Did Schiaparelli tame Dalí’s work into a conservative suit that any woman could wear, as some critics have maintained? She clearly backed away from the overtly sexual. But one could also say that she had other motives, and that she intended to allow the wearer to keep hold of her secrets. As Gaston Bachelard observed in his 1954 book, The Poetics of Space, drawers and the locks and keys with which we secure them have resonances other than the sexual ones psychoanalysts have so “monotonously” attributed to them. Chests and drawers are hiding places, “hybrid objects” important to imaginative life that satisfy our need for privacy and mystery. Significantly, a drawer is a “space that is not open to just anybody.” No chest or drawer exists that cannot be ransacked, however, and so rather than attempt to “frighten” the trespasser with ornate latches and bolts, “it is preferable to mislead him,” mused Bachelard. In her bureau-drawer suit, only the wearer has privileged access to intimate space. Only the wearer knew which pockets were real and which were red herrings. Attentive to women’s imaginative lives, Schiaparelli offered imaginative work that did not tame the suit so much place the wearer in control.

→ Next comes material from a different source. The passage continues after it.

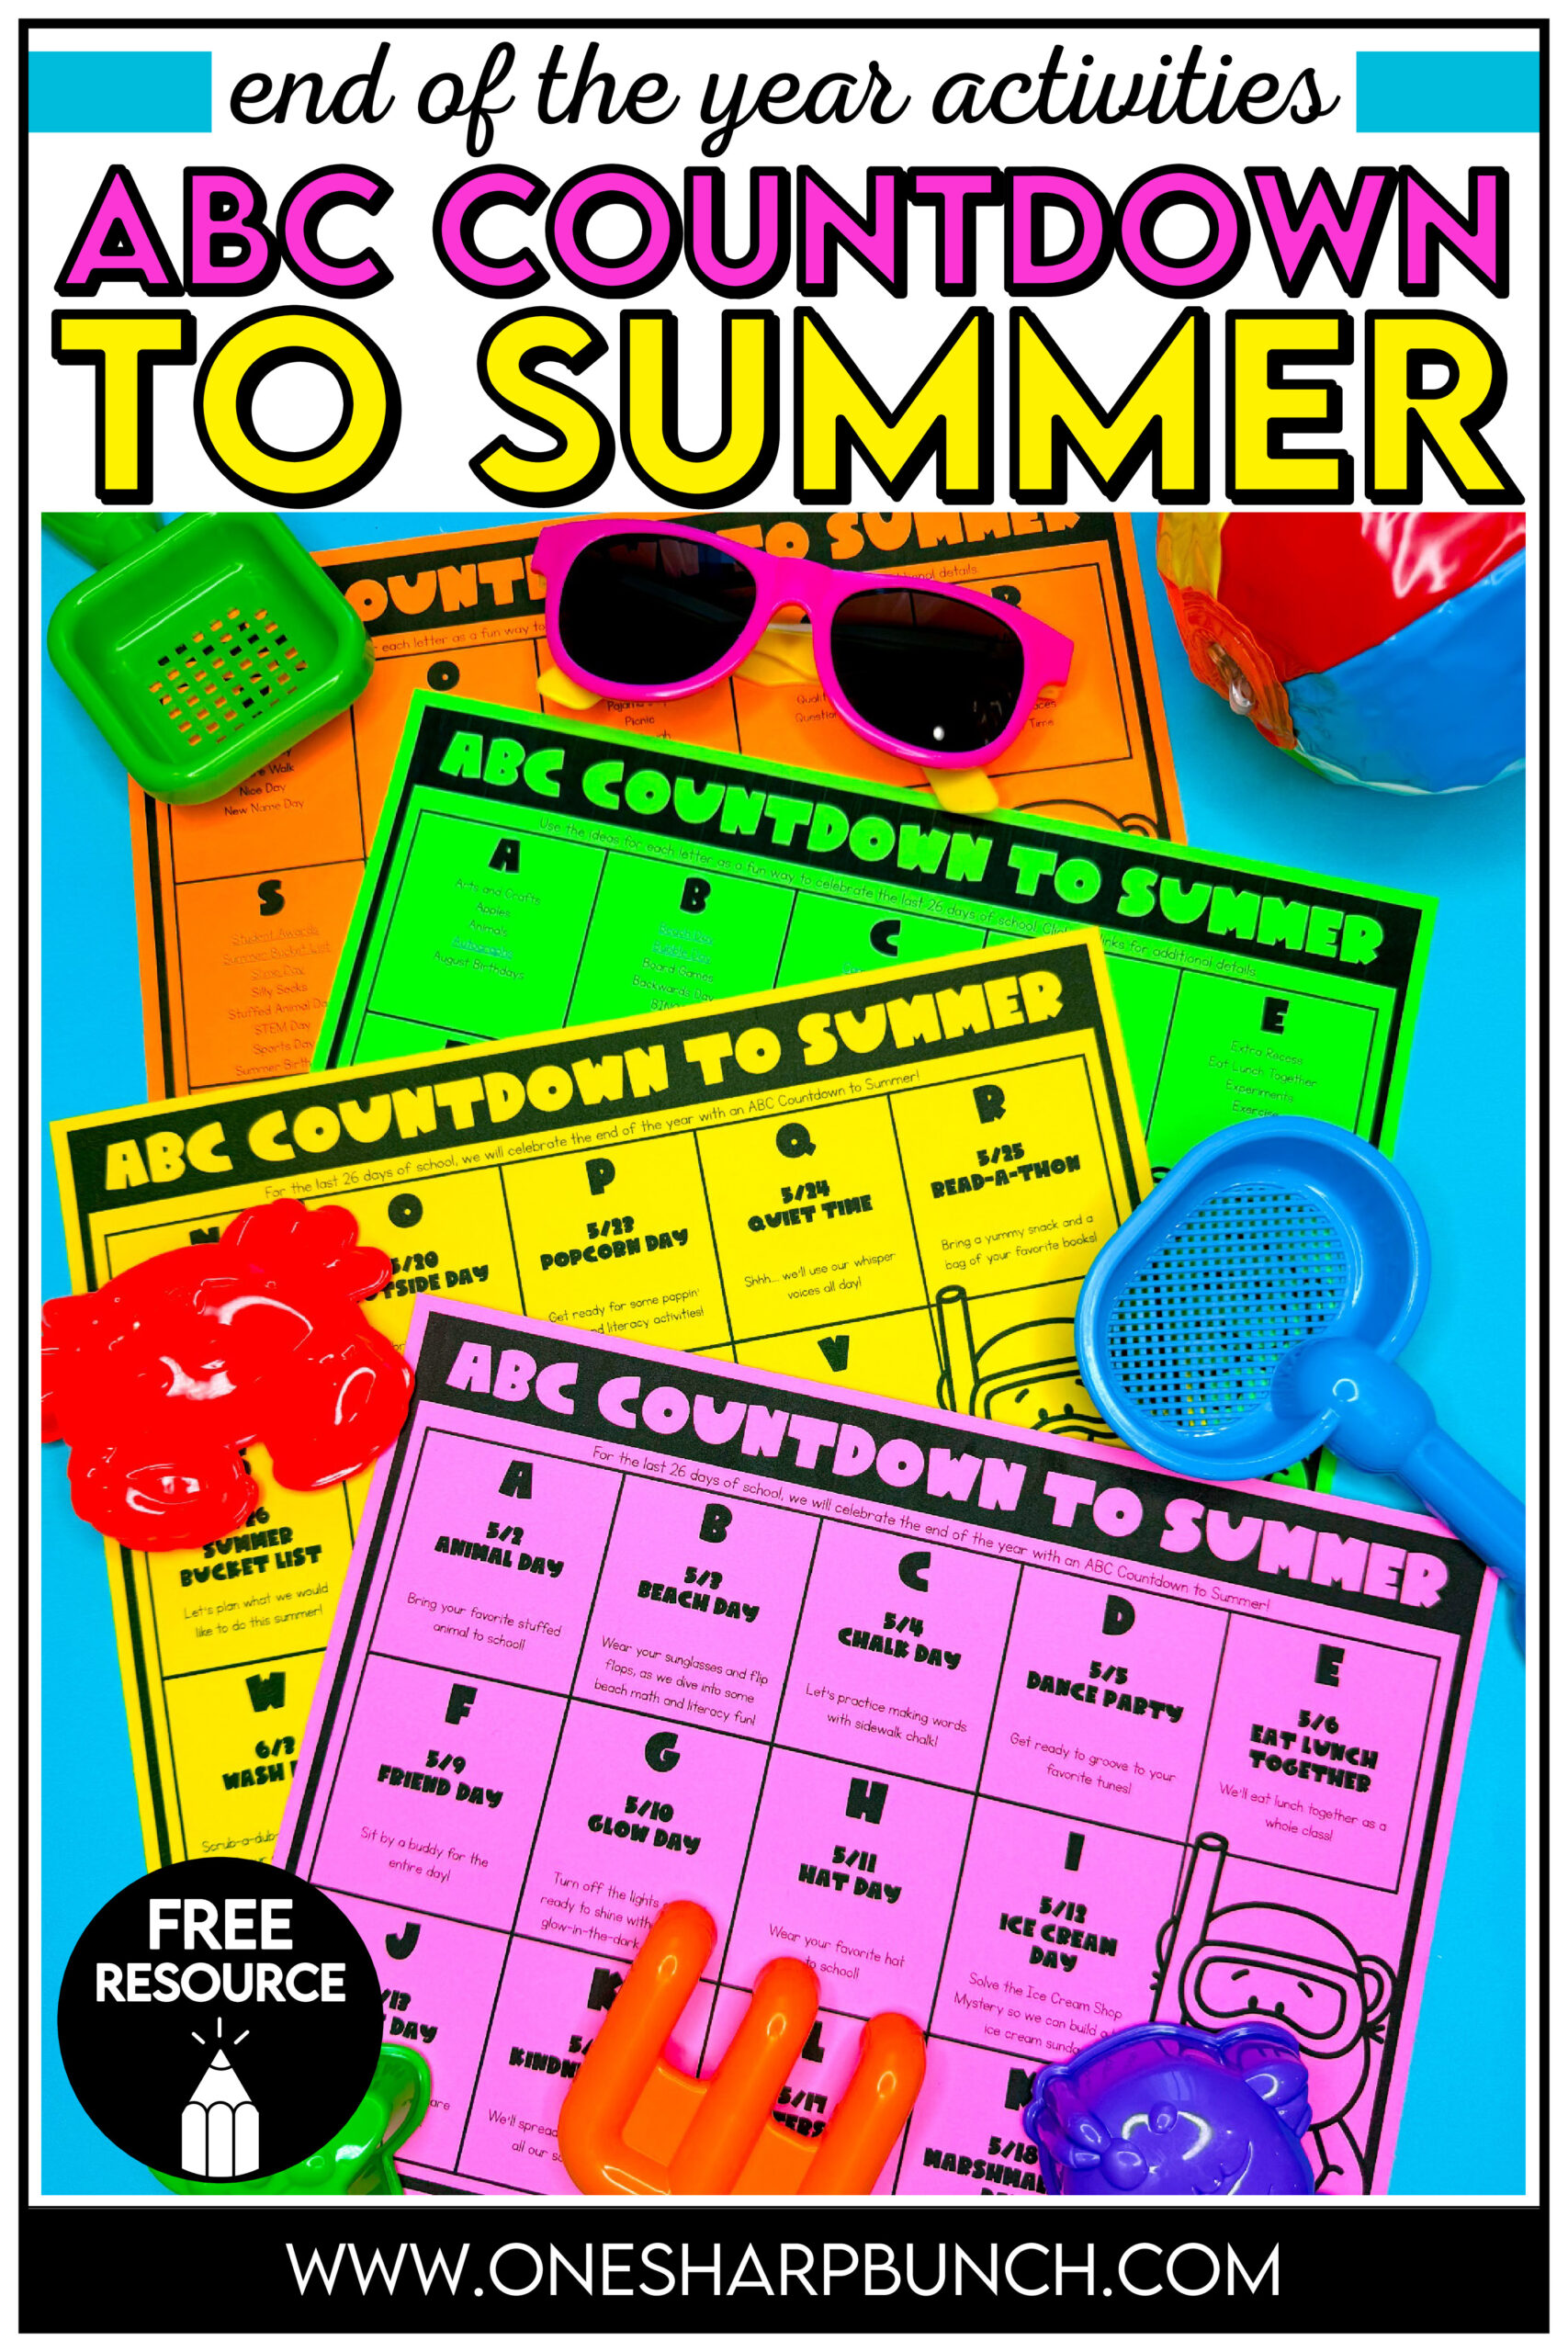 Celebrate the end of the year with these ABC countdown ideas! Use the FREE ABC countdown calendar to help plan the last 26 days of school! Your students will love these alphabet countdown ideas as they gear up for summer. These end of the year activities are fun but also allow students to continue learning all the way up until the last day of school. The ABC countdown to summer activities include classroom theme days, reading end of the year books, end of the year crafts, silly days and more!

At the time, the suit itself was something over which women hoped to gain some control. Much of the drama in women’s wear over the course of the twentieth century involved appropriating the forms and symbolic authority of menswear. Influenced by Schiaparelli (a “cunning carpenter of clothes,” as Janet Flanner observed in the New Yorker in 1932), sleeker suits in a wider range of materials steadily replaced dresses for chic urban living. These suits were still almost universally worn with skirts, which would seem to confirm their femininity, but they nevertheless looked modern and severe. It is not surprising that ambivalence over women’s encroachment into menswear, and their parallel quest for increasing power and status, occasionally played out on the surface of coats and suits tailored to fit women’s bodies. At the same time, pockets—and the manner in which they were manipulated at breast and hip—registered and animated those cross-gender tensions.